Mark Wooding [Thu, 11 May 2017 09:42:15 +0000 (10:42 +0100)]
math/strongprime.c: Improve the commentary.
Mark Wooding [Thu, 11 May 2017 09:42:15 +0000 (10:42 +0100)]
math/strongprime.c: Replace inexplicable exponentiation with extended-gcd.
For some reason, I calculated s^-1 as s^{r-2} (mod r). This code isn't
even slightly constant-time, and gcd is faster than modexp. Also, this
bit isn't time-critical anyway, and the code is way simpler like this.
Mark Wooding [Sun, 14 May 2017 03:11:09 +0000 (04:11 +0100)]
Merge branch '2.3.x'
* 2.3.x:
Release 2.3.1.
pub/bbs-gen.c, pub/rsa-gen.c: Remove the lower-bounding on q.
math/strongprime.c: Clamp the starting point.
math/strongprime.c: Reduce failures by adding some more slop bits.
progs/catcrypt.c, progs/cc-sig.c: Compare MAC tags in constant time.
progs/cc-sig.c: Initialize hash context properly for RSA-PSS.
progs/cc-sig.c: Don't destroy an RSA context just after building it.
math/g-bin.c, math/g-prime.c: Fix type incompatibility.
math/g-*.c: Group implementations include `group.h' via `group-guts.h'.
key/key-io.c: Produce valid key lines for empty keys.
key/key-io.c: Fix segfault opening `KOPEN_READ | KOPEN_NOFILE' key files.
Conflicts:
math/group-guts.h (trivial)
progs/catcrypt.c (already picked up)
Mark Wooding [Sat, 13 May 2017 14:21:43 +0000 (15:21 +0100)]
Release 2.3.1.
Mark Wooding [Thu, 11 May 2017 09:42:15 +0000 (10:42 +0100)]
pub/bbs-gen.c, pub/rsa-gen.c: Remove the lower-bounding on q.
It's unnecessary.
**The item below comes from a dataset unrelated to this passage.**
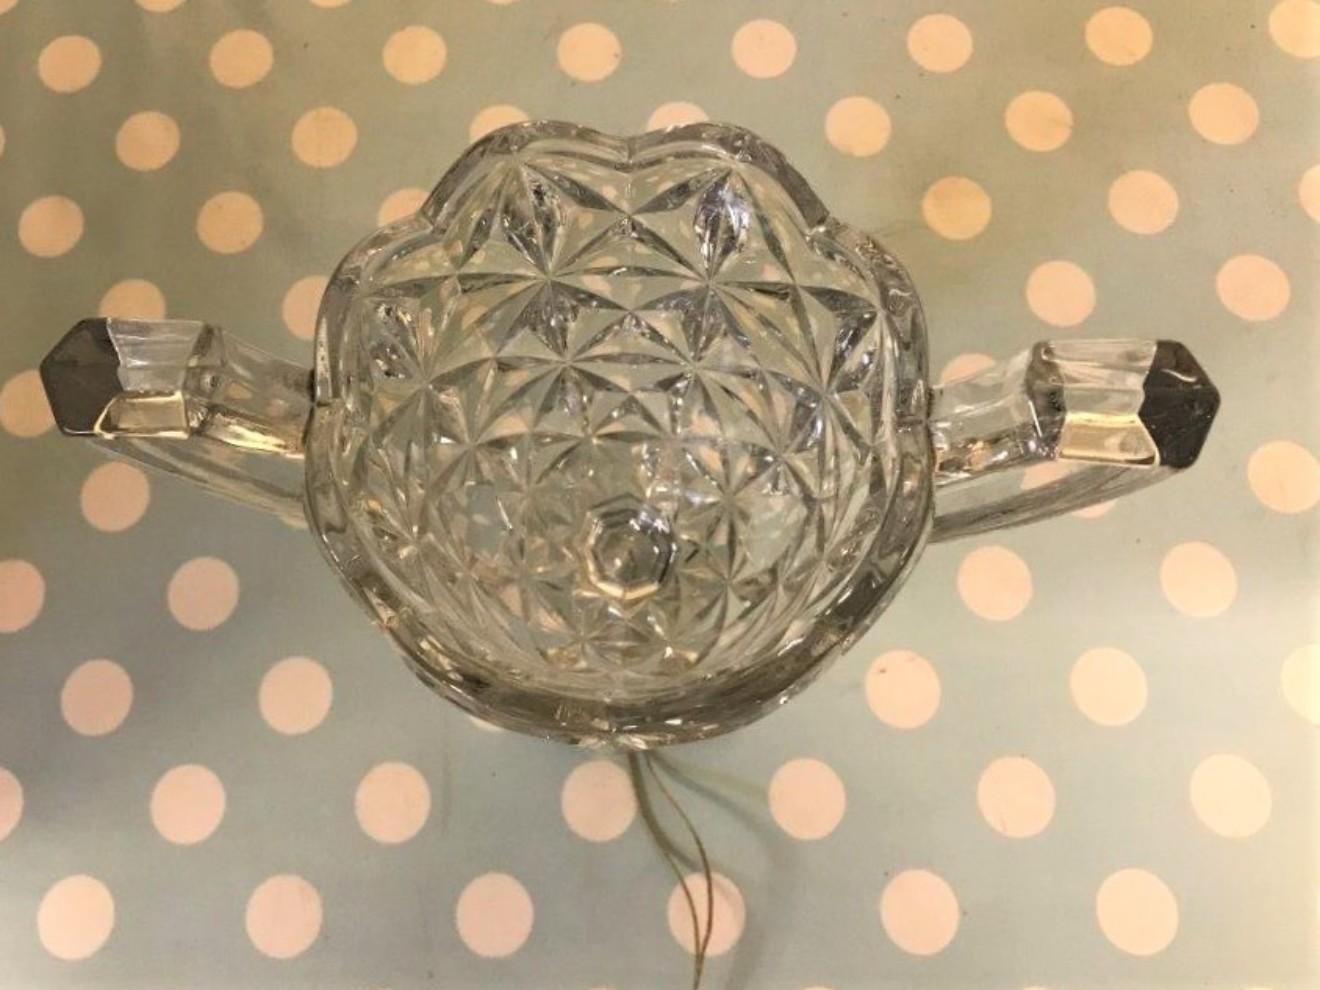 Double Handled Celery Glass Vase

It was a bad idea because it biases q quite heavily,
but now `strongprime' generates primes in the right interval so that
getting the right bit length isn't a problem.
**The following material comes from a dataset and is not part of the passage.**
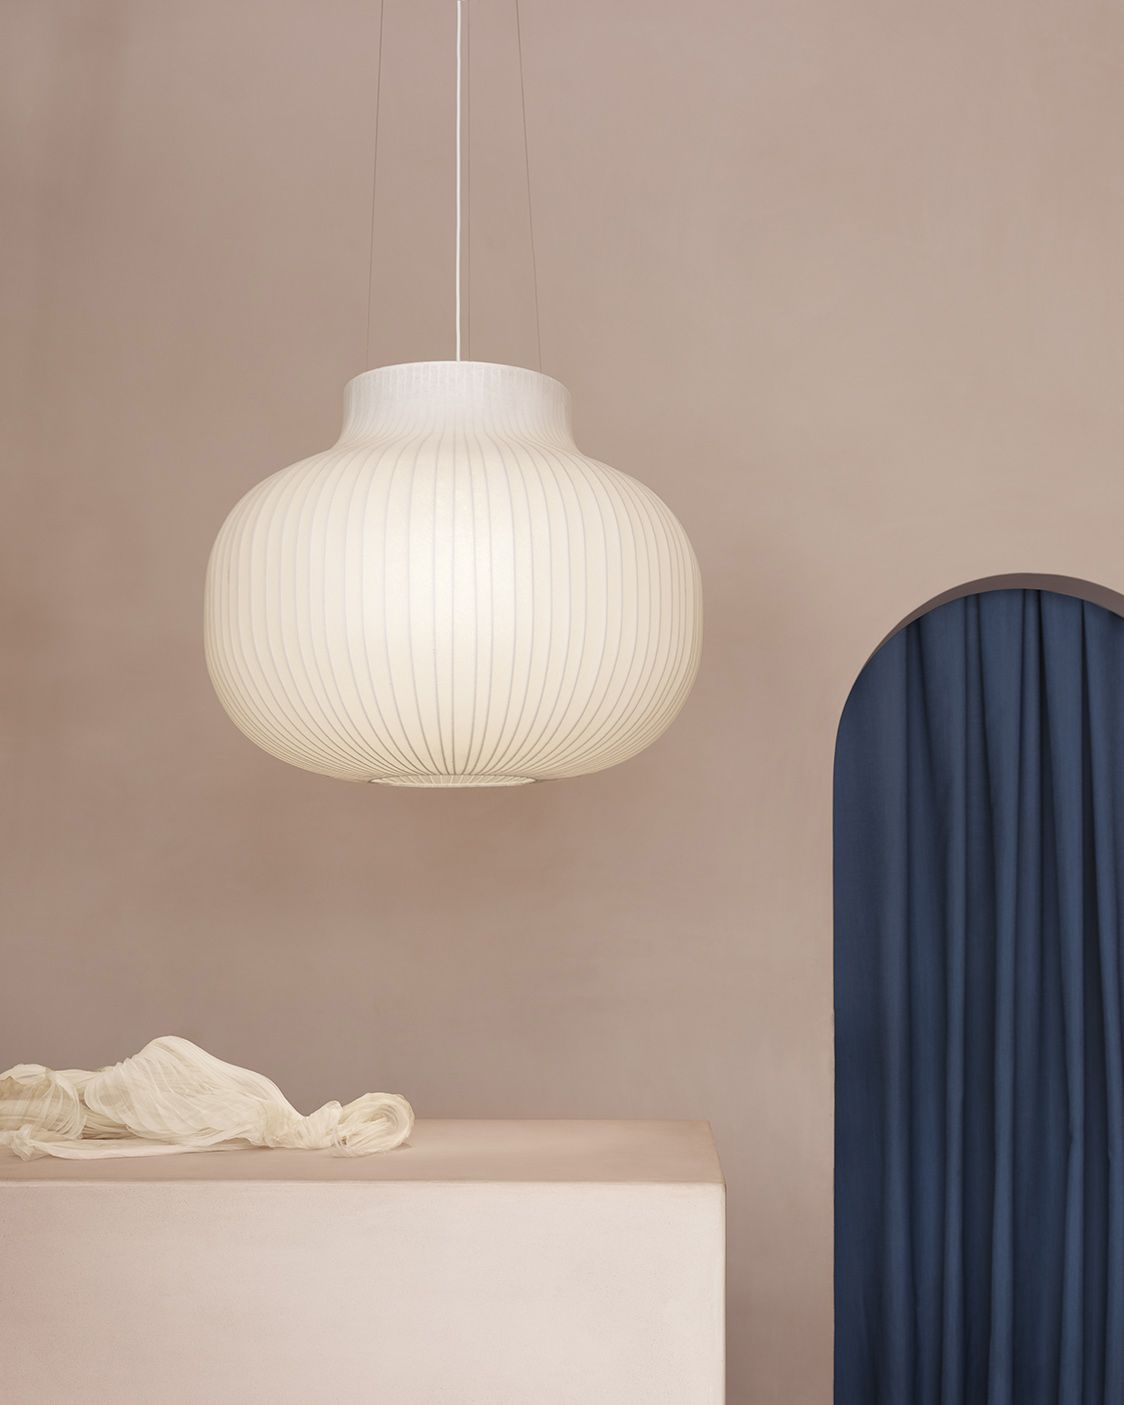 Modern And Minimal Lighting Inspiration
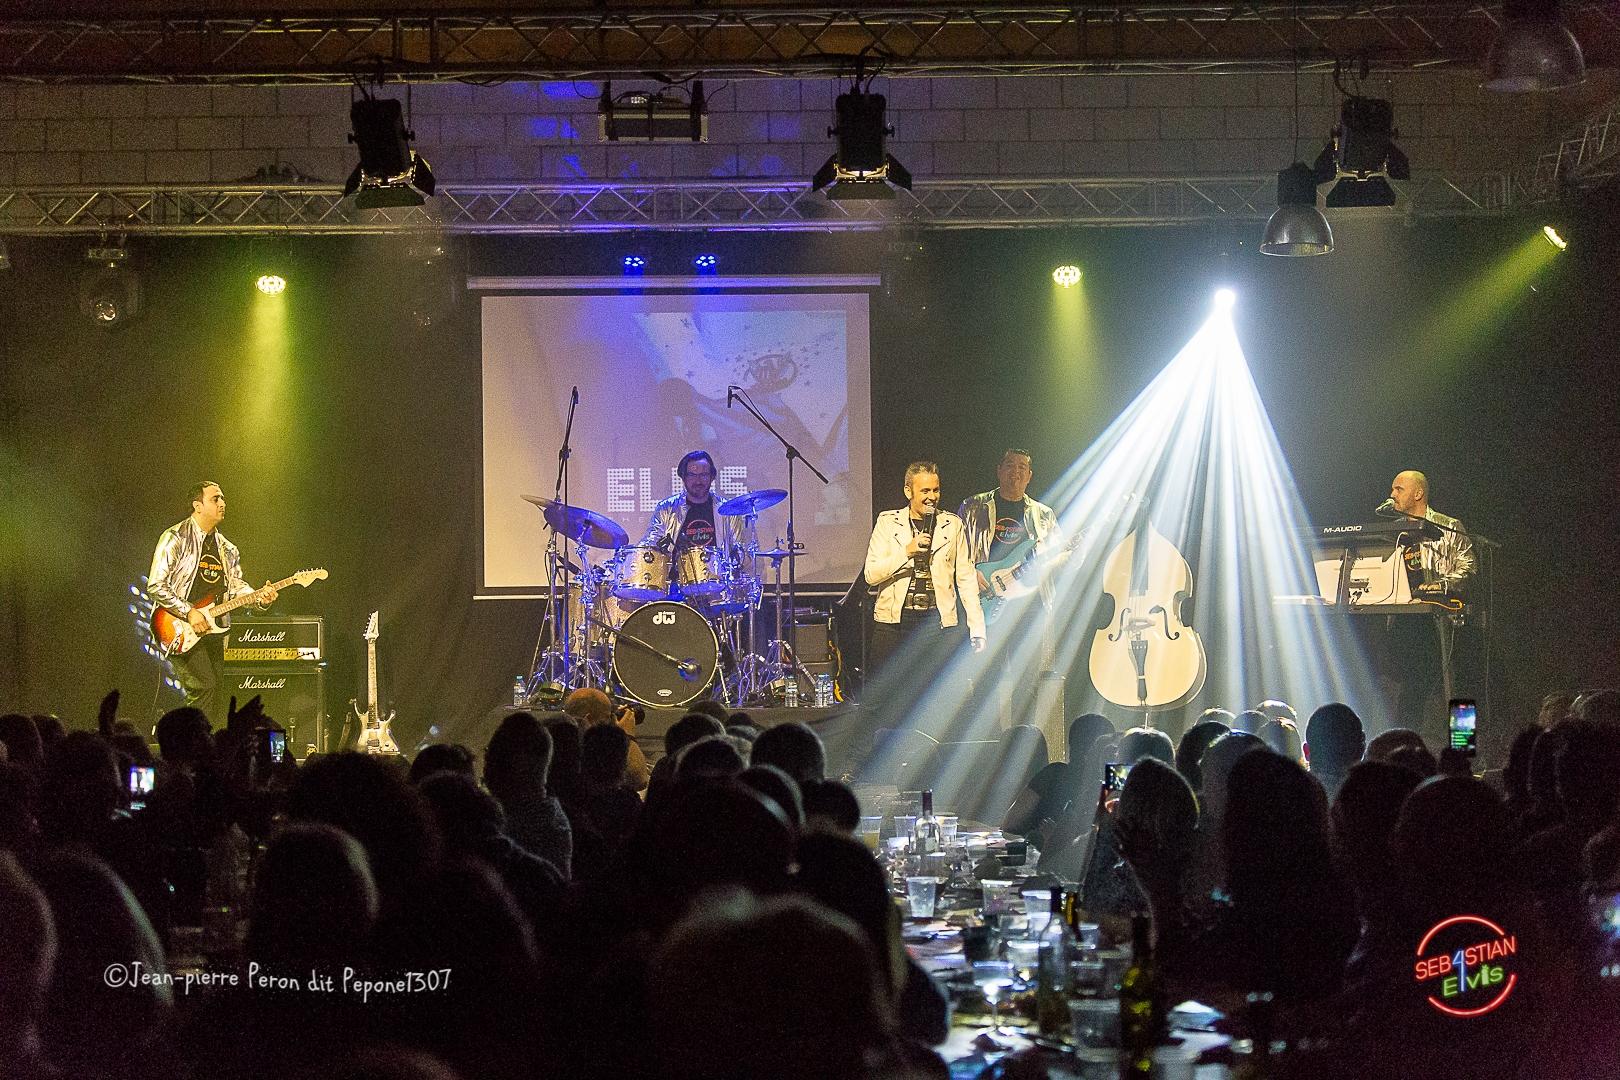 sebastian-for-elvis-pepone1307-centre-culturel-rocourt-facebook-06

Mark Wooding [Thu, 11 May 2017 09:42:15 +0000 (10:42 +0100)]
math/strongprime.c: Clamp the starting point.
Now the result will be in the upper quarter of the `obvious' range, and
the product of two such values is guaranteed to have the desired number
of bits. This saves callers from doing stupid things like trying to
clamp one of the factors by hand, which ends up significantly biasing
the second factor. (This isn't very bad, because there's a /lot/ of
randomness in the chosen congruence class, but it's good to fix this
sort of thing.)
Mark Wooding [Thu, 11 May 2017 09:42:15 +0000 (10:42 +0100)]
math/strongprime.c: Reduce failures by adding some more slop bits.
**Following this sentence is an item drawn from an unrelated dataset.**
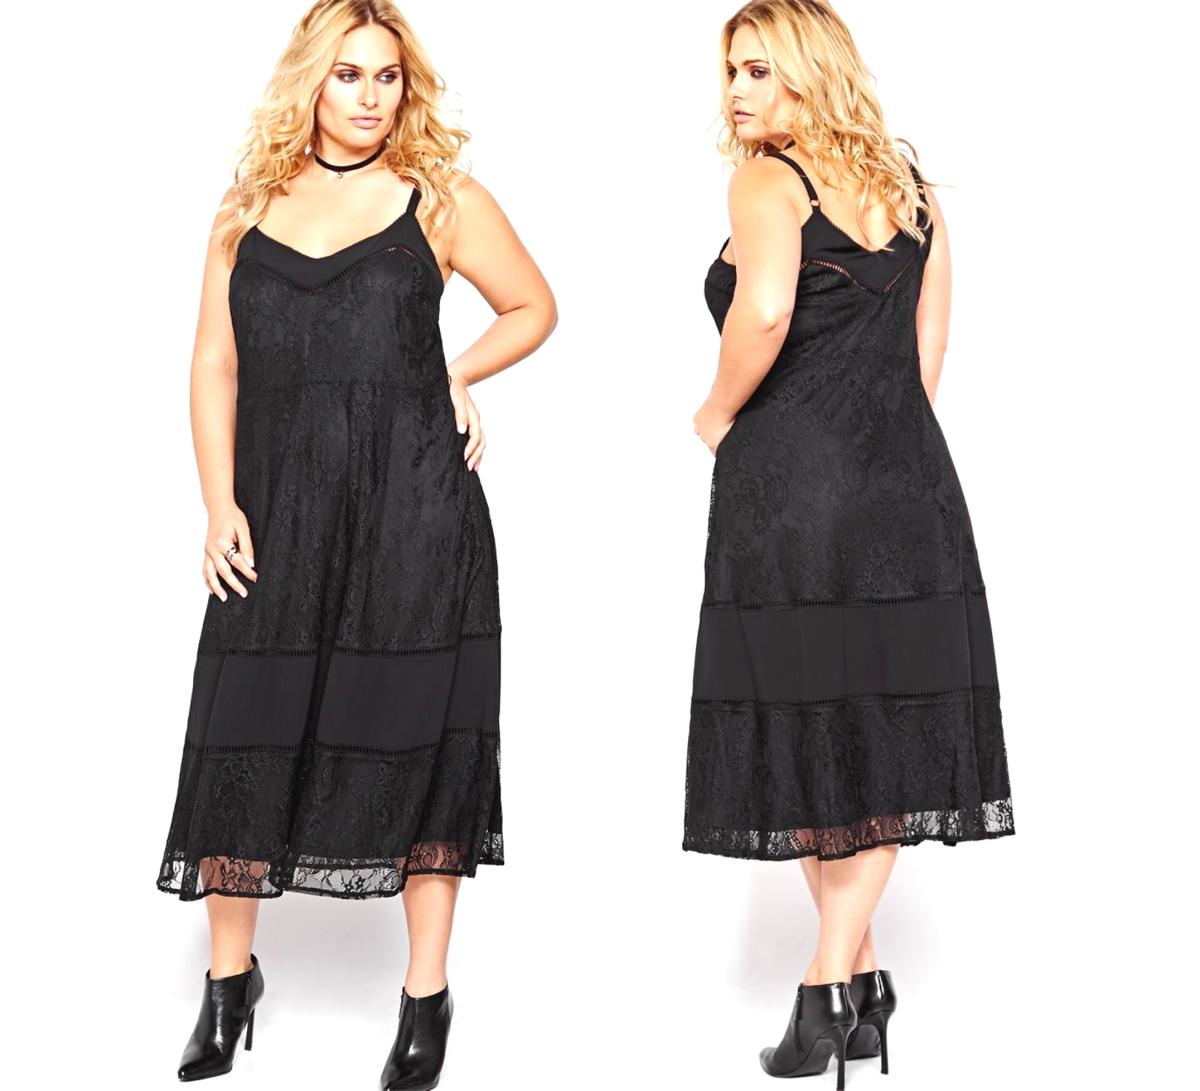 easy trendy lace slip dress: spaghetti straps, romantic lace, V-neck and back

In my experiments, failures were happening about 2--3% of the time,
which is way more than one is really willing to tolerate.
Mark Wooding [Thu, 26 May 2016 08:26:09 +0000 (09:26 +0100)]
progs/catcrypt.c, progs/cc-sig.c: Compare MAC tags in constant time.
Mark Wooding [Mon, 17 Apr 2017 23:03:01 +0000 (00:03 +0100)]
progs/cc-sig.c: Initialize hash context properly for RSA-PSS.
Somehow this seemed to work anyway on my machine; but valgrind agrees
that it was wrong.
Mark Wooding [Mon, 17 Apr 2017 22:31:11 +0000 (23:31 +0100)]
progs/cc-sig.c: Don't destroy an RSA context just after building it.
It causes an assertion failure later. Really embarrassing.
Mark Wooding [Thu, 26 May 2016 08:26:09 +0000 (09:26 +0100)]
math/g-bin.c, math/g-prime.c: Fix type incompatibility.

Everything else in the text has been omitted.